Ingredients
- 1 cup milk
- 1/2 teaspoon salt
- 4 eggs
- 1 cup flour
- 1-2 tablespoon melted butter
- 2 tablespoons sugar
Preparation
Step 1
Beat eggs and milk with a whisk, add flour, sugar and salt; beat until smooth. Add melted butter and blend well. Let mixture stand at least 30 minutes.

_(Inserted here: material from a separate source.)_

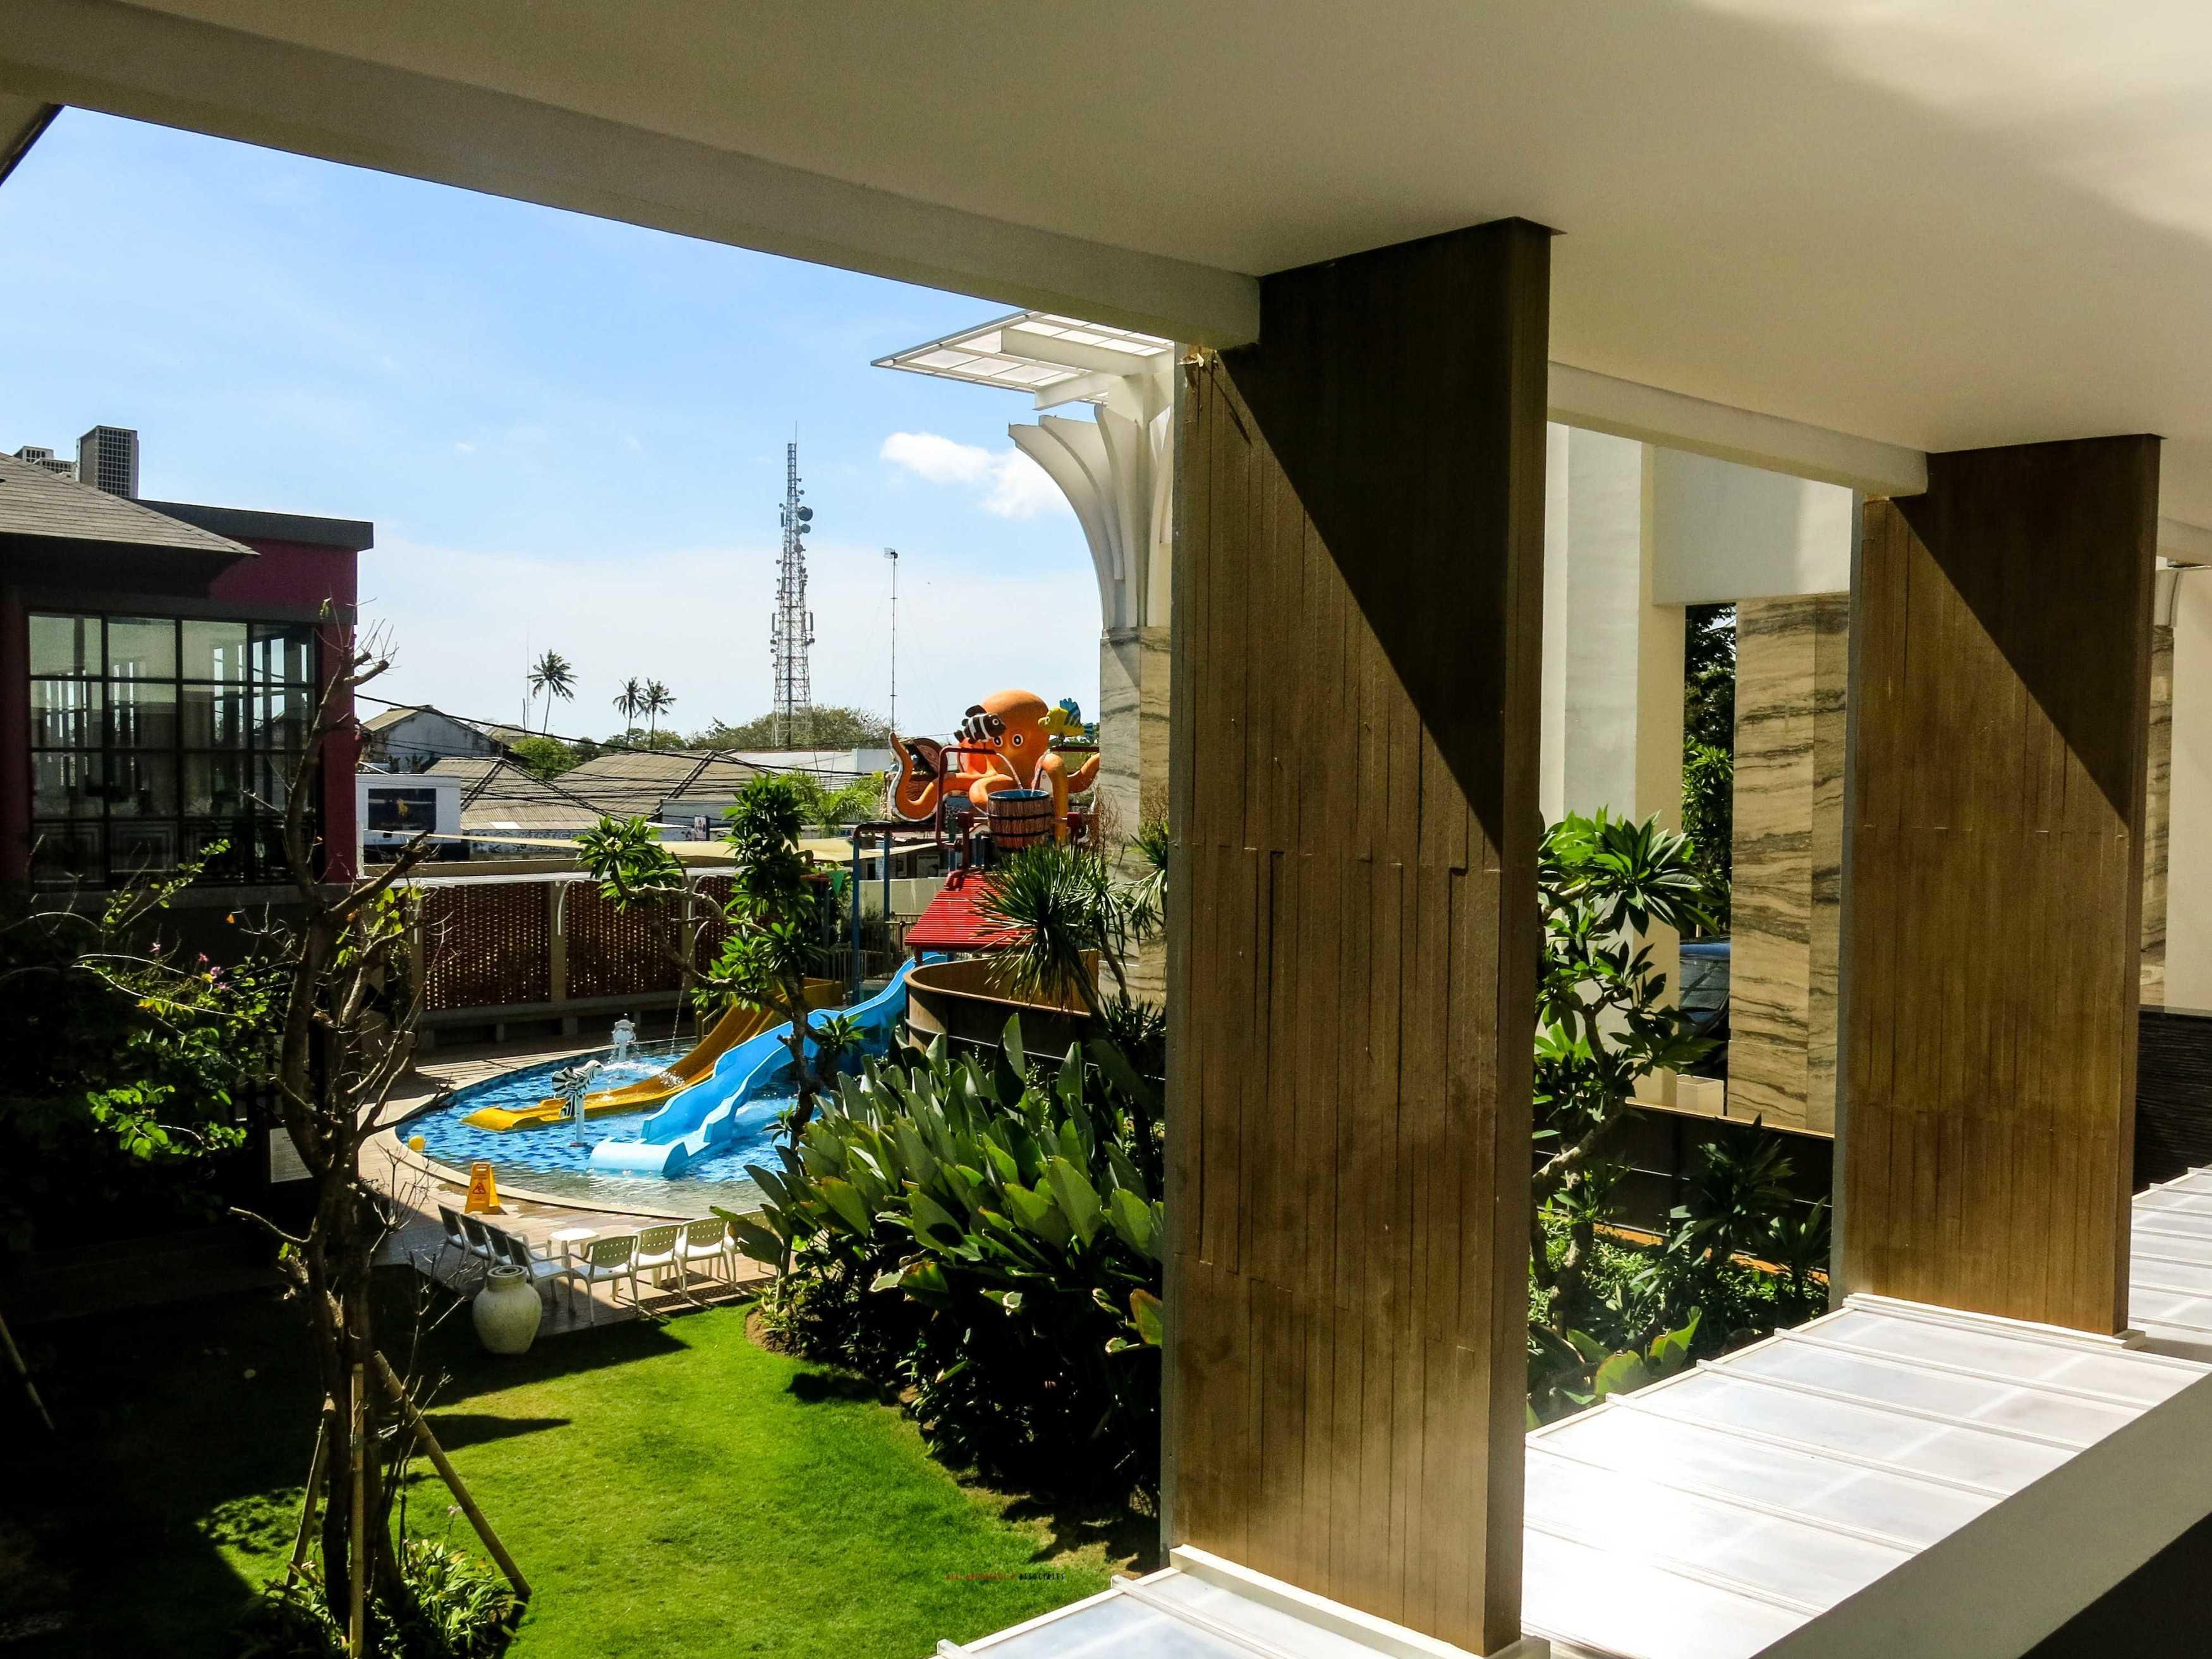 Arnold Iskandar G Intan Adapted To Present Tj. Benoa, Kuta Sel., Kabupaten Badung, Bali, Indonesia Tj. Benoa, Kuta Sel., Kabupaten Badung, Bali, Indonesia Arnold-Iskandar-G-Intan-Adapted-To-Present   63356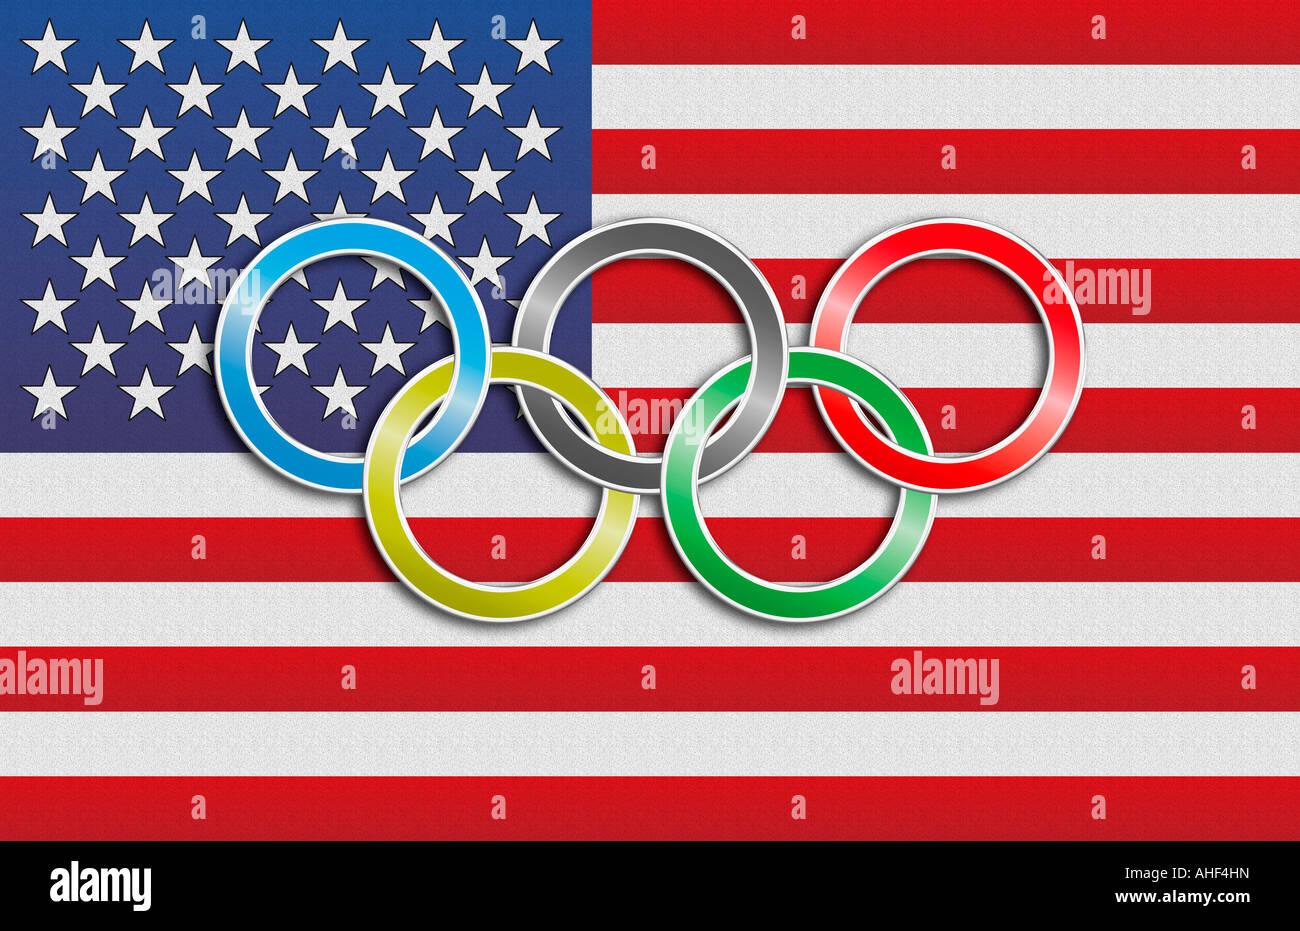 Flag Usa Olympic Rings Stock Photos Flag Usa Olympic Rings Stock

Preheat crepe pan for 30 seconds using medium heat. Have crepe batter as thick as heavy creme in a pitcher. If batter is too thick add 1 teaspoon water or milk and stir well. Pour about 2 tablespoons of batter into the center of pan. Tilt and turn the pan until the batter covers the entire bottom of the pan. Cook for 30 seconds or until nicely browned. Remove pan from heat. Using a spatula, lift the crepe and flip to the other side. Cook second side 15-20 seconds. (second side should be used for fillings) Slide cooked crepe onto a parchment covered surface and cool.
Chocolate Crepe
Add 3 tablespoons unsweetened cocoa to dessert crepe mixture. Reduce flour to ¾ cup.
Ricotta Crepes
¼ cup grated milk chocolate
¼ cup candied fruit
2 tablespoons heavy cream
8 oz. ricotta cheese
Mix ingredients adding more cream if necessary to make a mixture that is light and fluffy but holds its shape. Spoon onto crepes. Roll or fold.
Fruit Crepes
1 can cherry pie filling
½ teaspoon almond extract
dash of ground cloves
heavy cream for topping
Warm filling in saucepan. Add extract and cloves. Stir to blend well and heat through. Fill hot crepes. Fold or roll and top with cream.
Variation
use apple filling and add ½ cup raisins or chopped nuts and nutmeg spice.
Use blueberry filling and add 2 teaspoon lemon or orange zest.